* WORK TO BE COMPLETED
For this exercise, repeat exactly the lines below starting at the line holding "Male hockey player" and ending at the line holding "Clenli Direct - Shop", both included, with no extra lines and no pictures.

* EXCERPTED RECORDS
[Start of section]
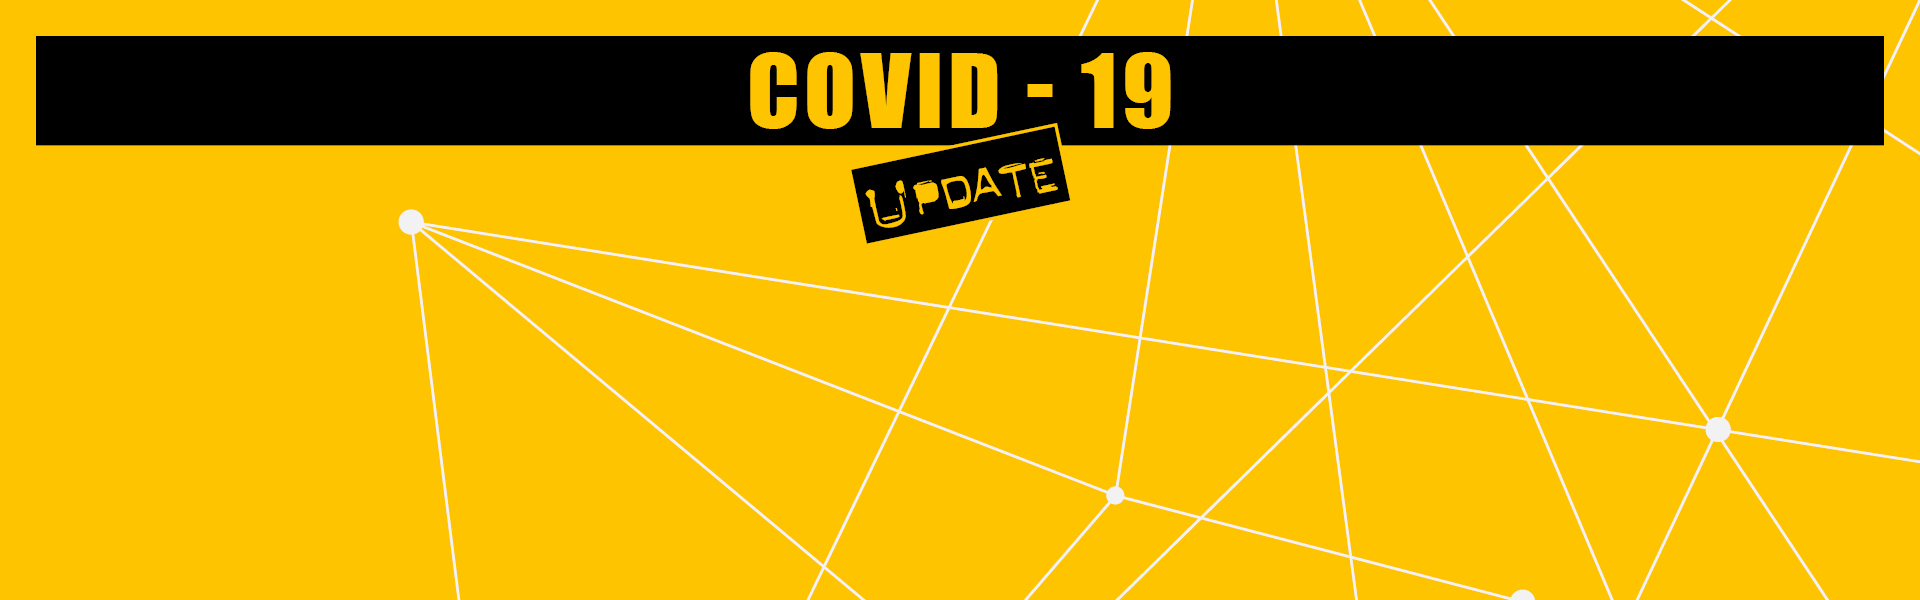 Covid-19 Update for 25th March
[End of section]
[Start of section]
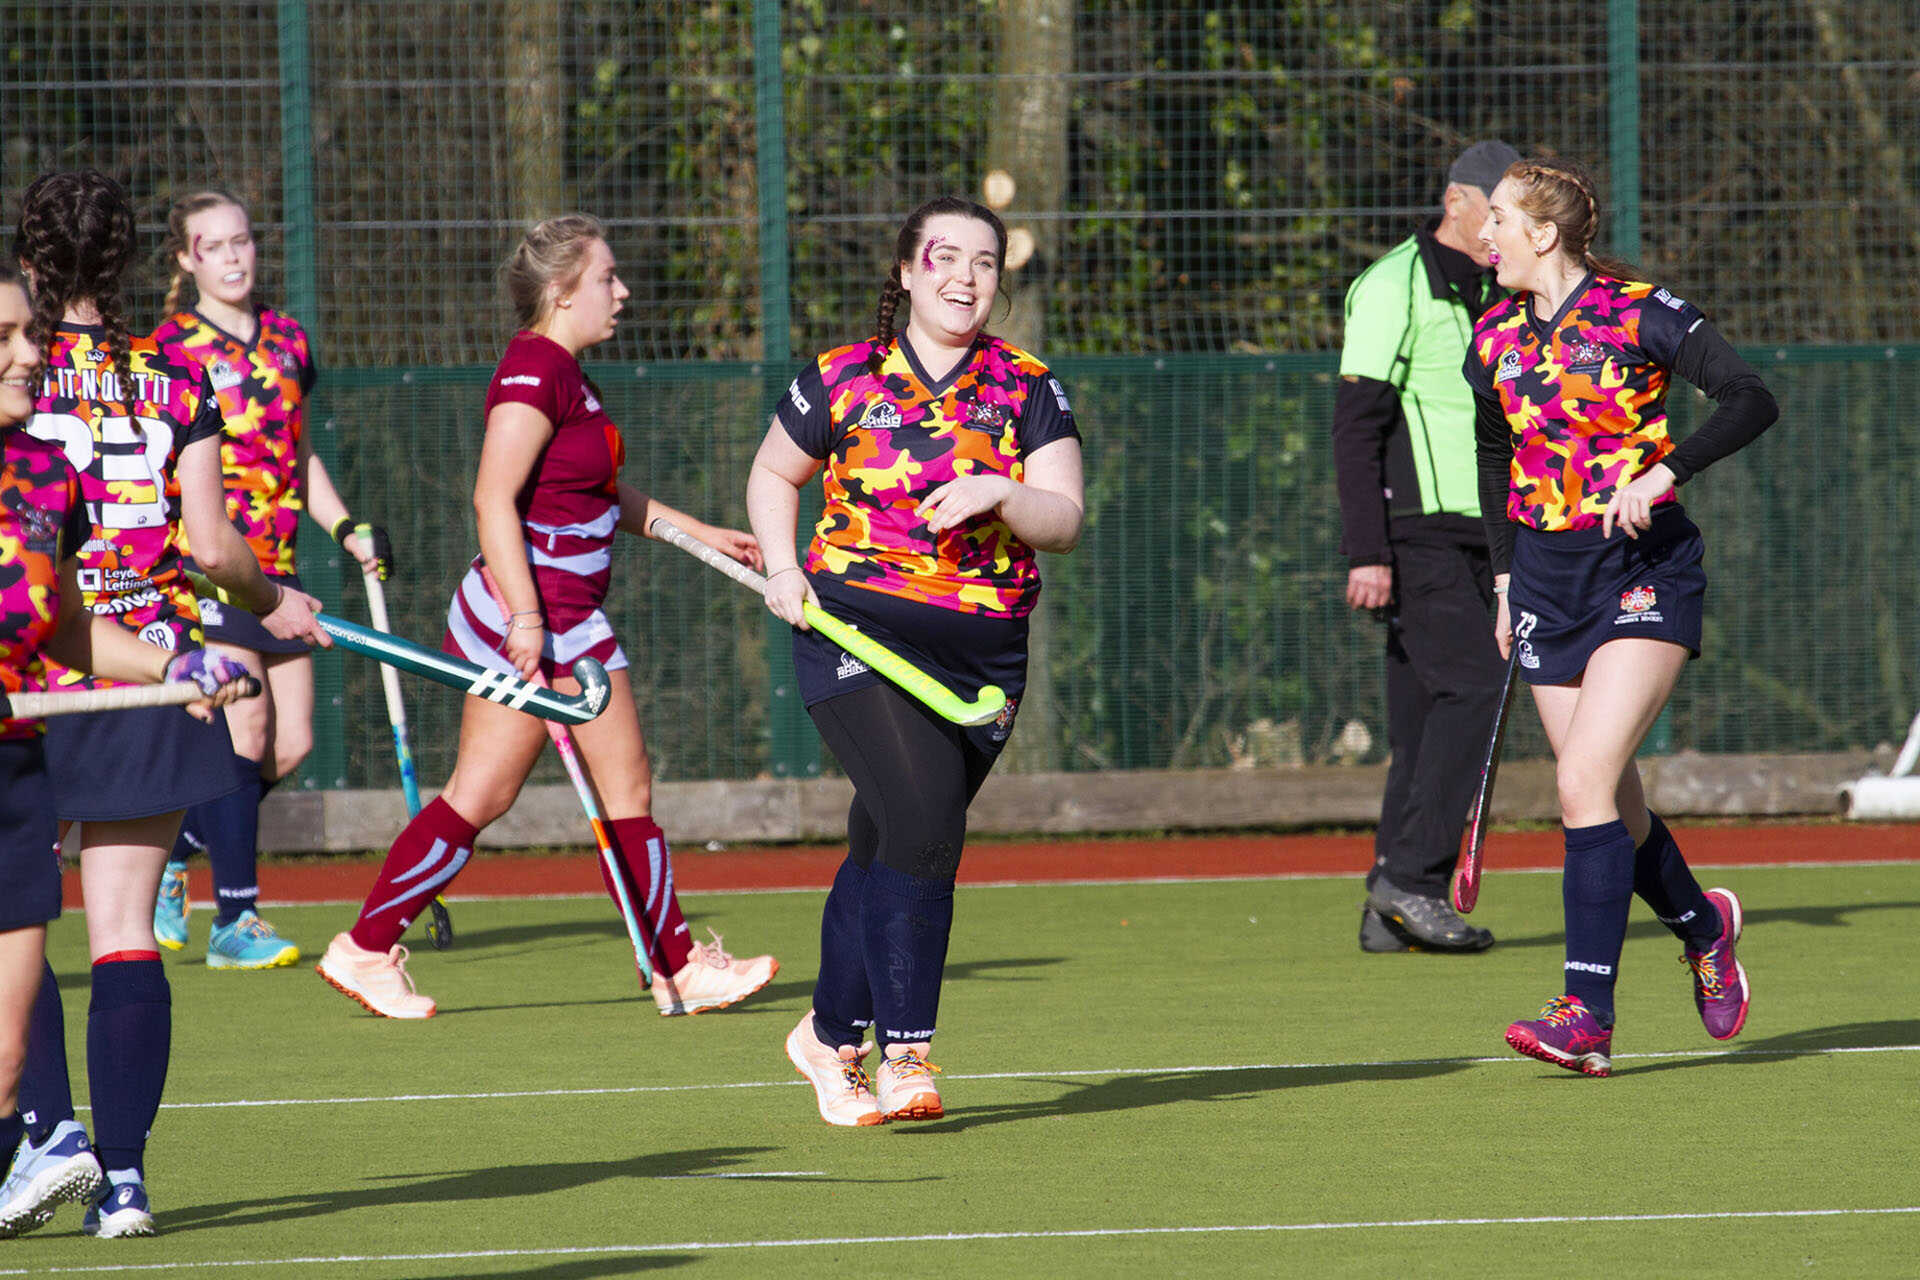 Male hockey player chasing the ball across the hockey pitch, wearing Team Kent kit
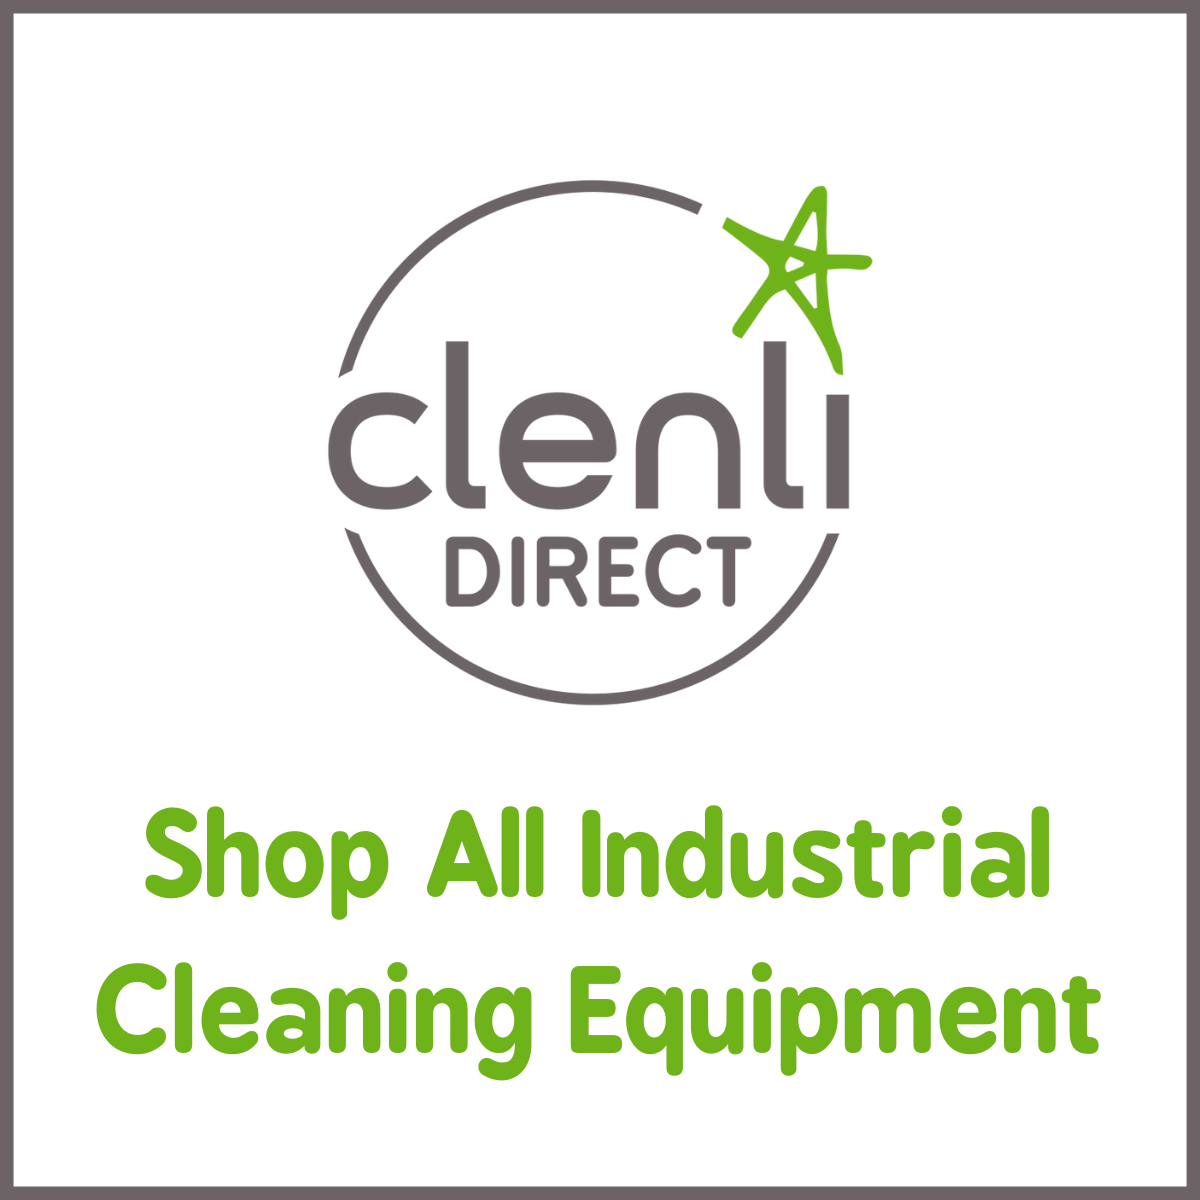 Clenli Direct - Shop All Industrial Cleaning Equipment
[End of section]
* RESULT FOR THIS EXERCISE
 Male hockey player chasing the ball across the hockey pitch, wearing Team Kent kit
 Clenli Direct - Shop All Industrial Cleaning Equipment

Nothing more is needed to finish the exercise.